Kessin*, and David I. Ratner2,*
Accepted: Eukaryotic Cell
Abstract
Dictyostelium amoebae altered in a gene called fbxA, which is thought to
encode a component of an SCF E3 ubiquitin ligase, have defective
regulation of cell-type proportionality. In chimeras with wild-type cells,
the mutant amoebae form mainly spores, leaving the construction of stalks
to wild-type cells. To examine the role of fbxA and regulated proteolysis
we have recovered the promoter of fbxA and shown that it is expressed in a
pattern resembling that of a prestalk-specific gene until late in
development when it is also expressed in developing spore cells. Because
fbxA cells are developmentally deficient in pure culture, we were able to
select suppressor mutations that promote sporulation of the original
mutant. One suppressor mutation resides within the gene regA, which
encodes a cAMP phosphodiesterase linked to an activating response
regulator domain. In another suppressor, there has been a disruption of
dhkA, a gene encoding a two-component histidine kinase known to influence
Dictyostelium development. RegA appears precociously and in greater
amounts in the fbxA mutant but not in an fbxA/dhkA double mutant, where
RegA is restored to wild-type levels.
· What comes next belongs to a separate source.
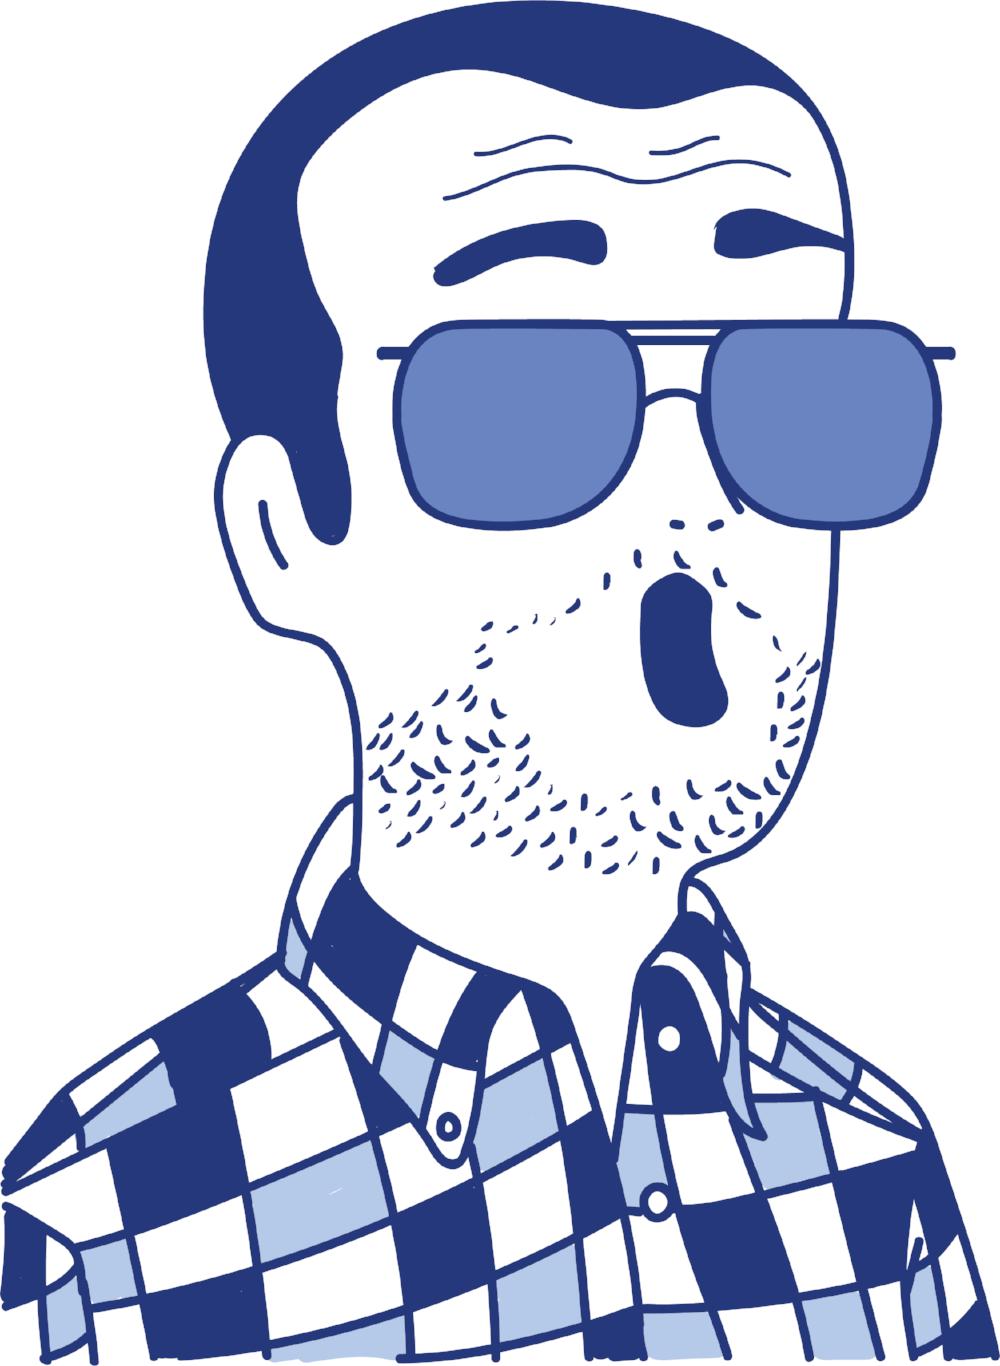 vinson_illustration4.png

Because the basis of regA
suppression might involve alterations in cAMP levels during development,
the concentration of cAMP was determined in all strains. The level of cAMP
is relatively constant during multi-cellular development in all strains
except the dhkA mutant, in which it is reduced at least 6-fold. The level
of cAMP in the double mutant dhkA/fbxA is relatively normal. The level of
cAMP in the various mutants does not correlate with spore formation, as
would be expected on the basis of our present understanding of the
signaling pathway leading to the induction of spores. Altered amounts of
RegA and cAMP early in the development of the mutants suggest that both
fbxA and dhkA genes act earlier than previously thought.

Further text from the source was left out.